I do not believe the search giant will throw away the whole existing search and replace it with a Chat interface, rather it will try to augment it, but a significant amount of traffic may be lost, hurting the web ecosystem and its ads business.

Not choosing to change is also not an option as Bing+ChatGPT already entered. ChatGPT enhanced Bing can actually eat a good portion of the market share.

I hope that with our innovation they will come out and show that they can dance - Microsoft CEO Satya Nadella

The search giant already started dancing (quite hastily, unfortunately). The stock market showed that it has much more to lose than the competitor. While I am not a business expert, anyone can see that by looking at the revenue profit streams of each company.

VisualCapitalist, How Big tech Revenue and Profit Breaks down, by company
VisualCapitalist, How Big tech Revenue and Profit Breaks down, by company

Microsoft has given the search giant a dilemma: come out and innovate! But be careful it may destroy “your” core business! Then you won’t have money to fund our competition for Office (<=>Workspace), Azure (<=>GCP), etc.

This reminds me of how Spotify affected the music ecosystem (I learned through Netflix series The Playlist). The traditional record companies had no choice but to come out and dance with the streaming technology. Did it make the creators and the listeners better off?

Interesting, but what will it mean for the users? In the short-term, finding knowledge will be easier than ever. However, in the long run of the dystopian world of Chat+Search, Web content may dry up. In this world, the contents you see on the open web will most likely be written by language models, not based on real experience and review of facts.

<45 ways to find purpose of life>, authored by ChatGPT in Korean

Conversely, maybe language model based writer tools like ChatGPT, Translate, Grammerly, etc., may increase productivity, resulting in more high quality content on the web. Who knows?


In today’s post I shared my thoughts on ChatGPT’s influence on search and the web ecosystem. Predicting the future is almost impossible, so I am more likely to be wrong.

But I know for sure that the change will not happen in the short-term. There are still a lot of hurdles the large language models need to improve, the most challenging one being factuality.

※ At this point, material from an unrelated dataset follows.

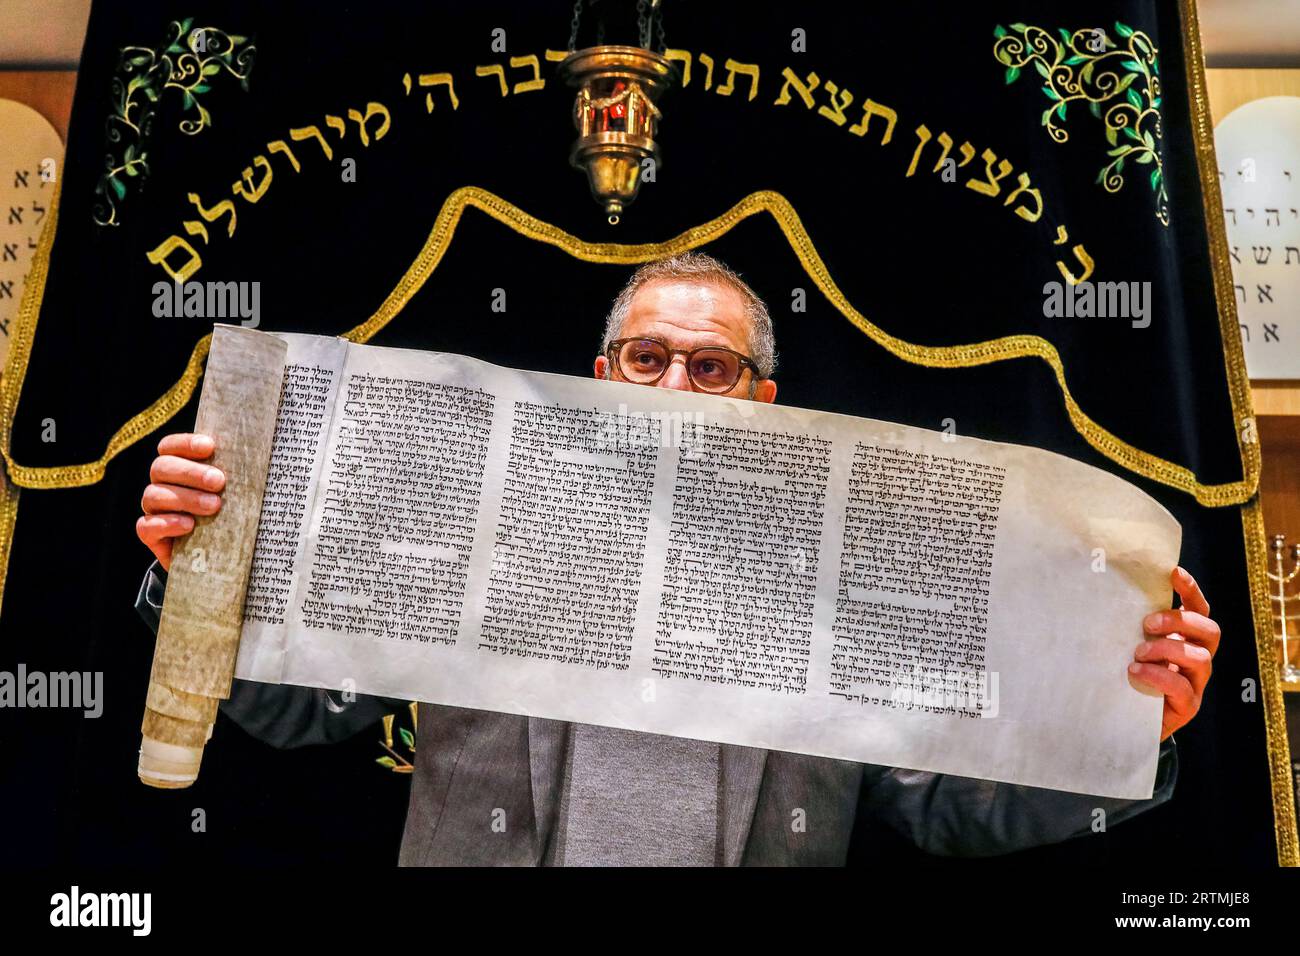 Jewish community center celebrates dedication of its first Torah scroll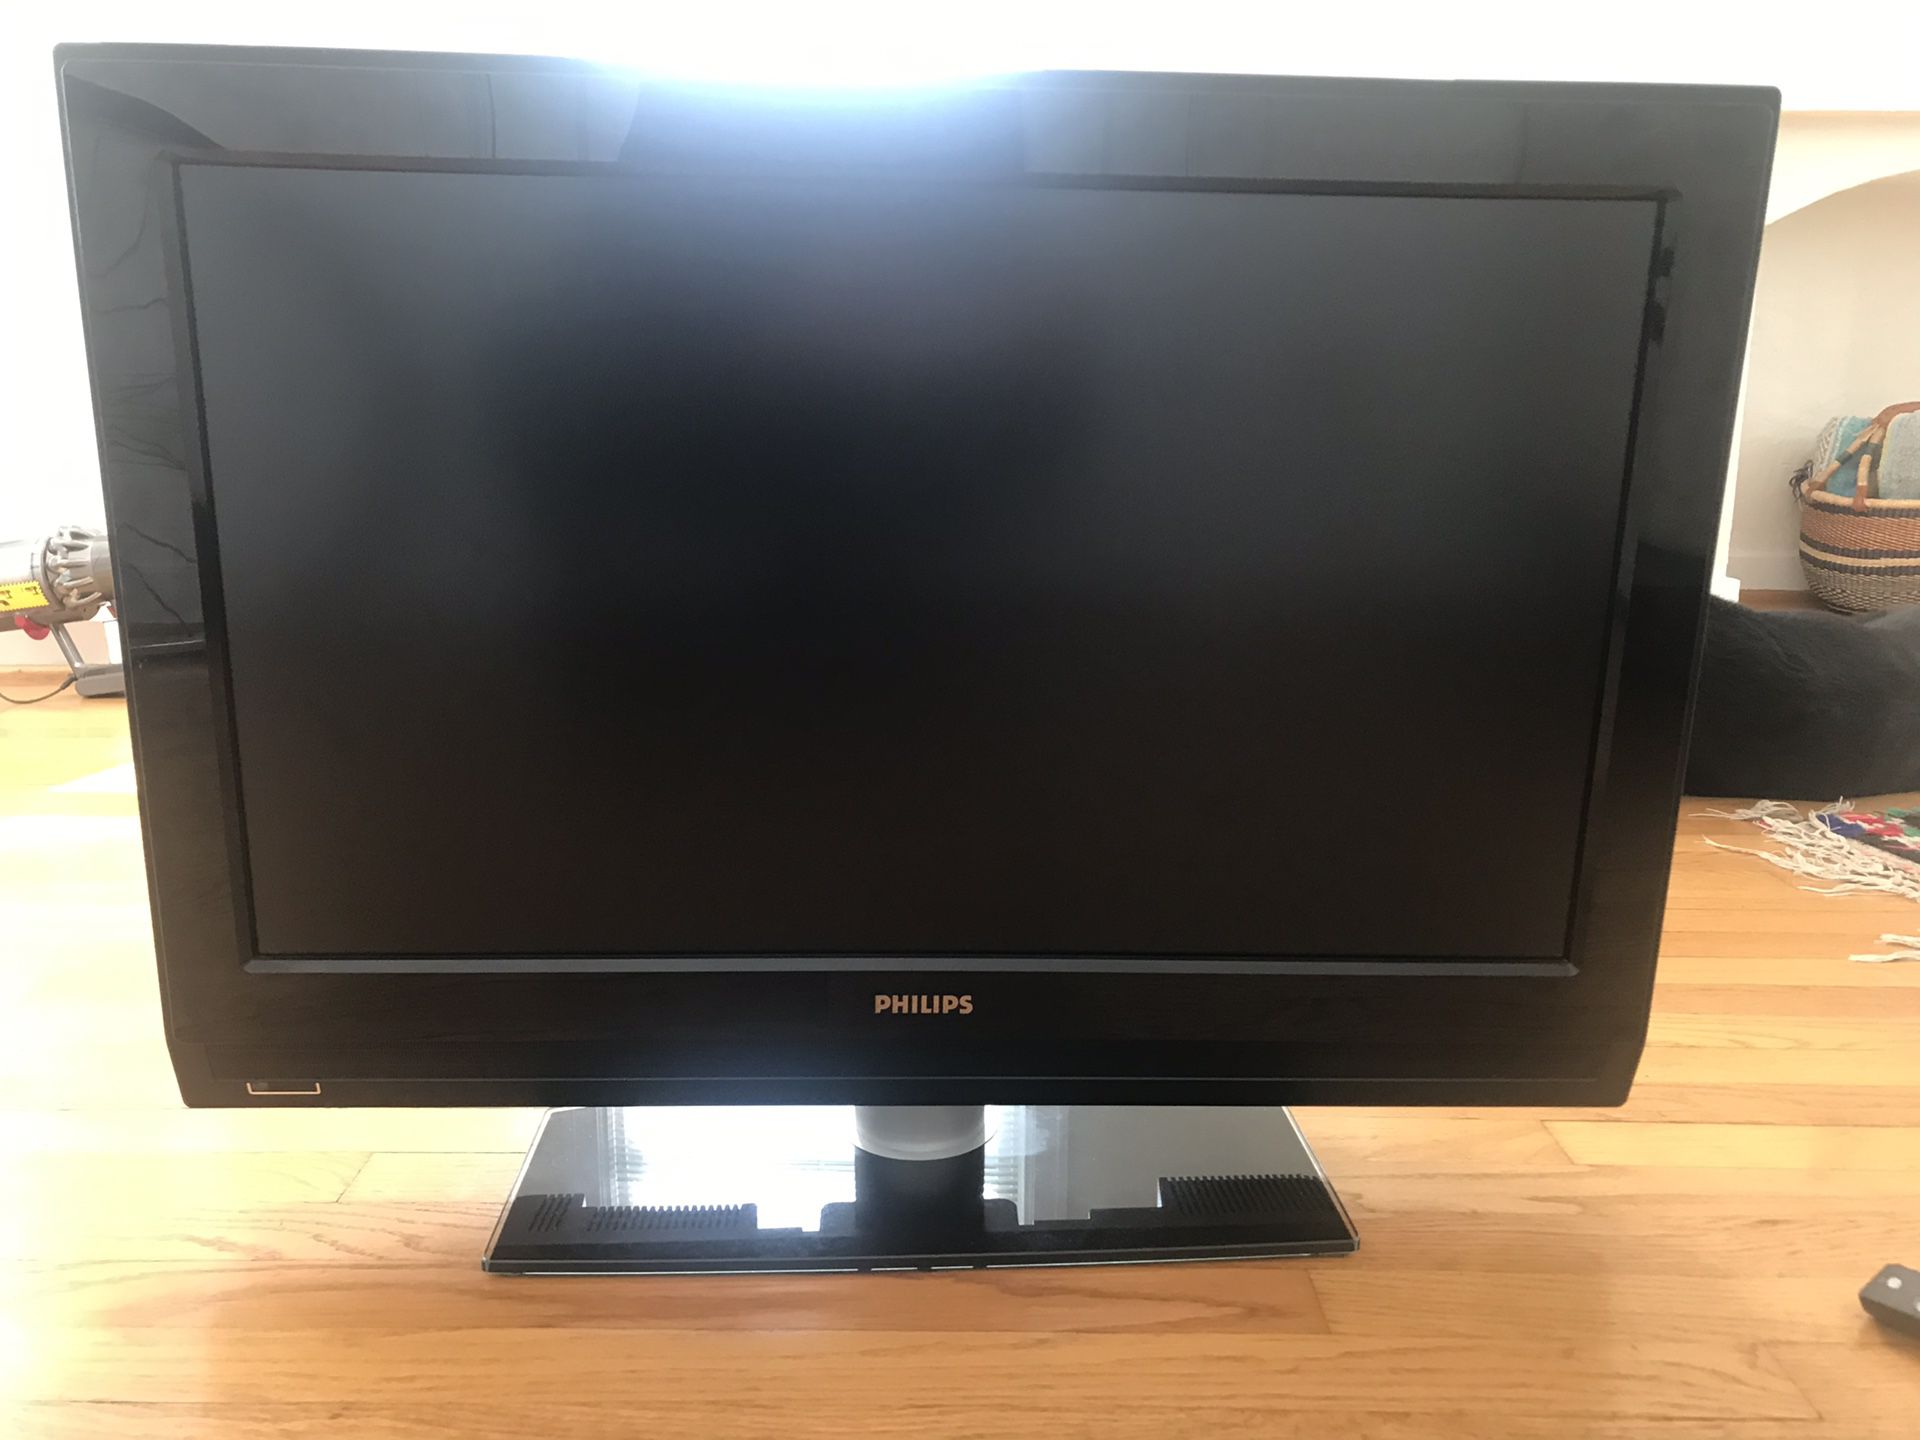 Phillips 32” LCD Flat screen TV

Also, I’m not sure how the economy of Chat+Search will work. Running such a large model(s) on thousands of GPUs for everyday search sounds insanely expensive, yet. This is not even considering the huge retraining cost to reflect up-to-date facts and error fixes.

Nevertheless, change will happen slowly for the best or the worst. Let’s remember when small computing devices like PDAs came out in the 1990s, but it took 20-30 years to get to where we are now with smartphones.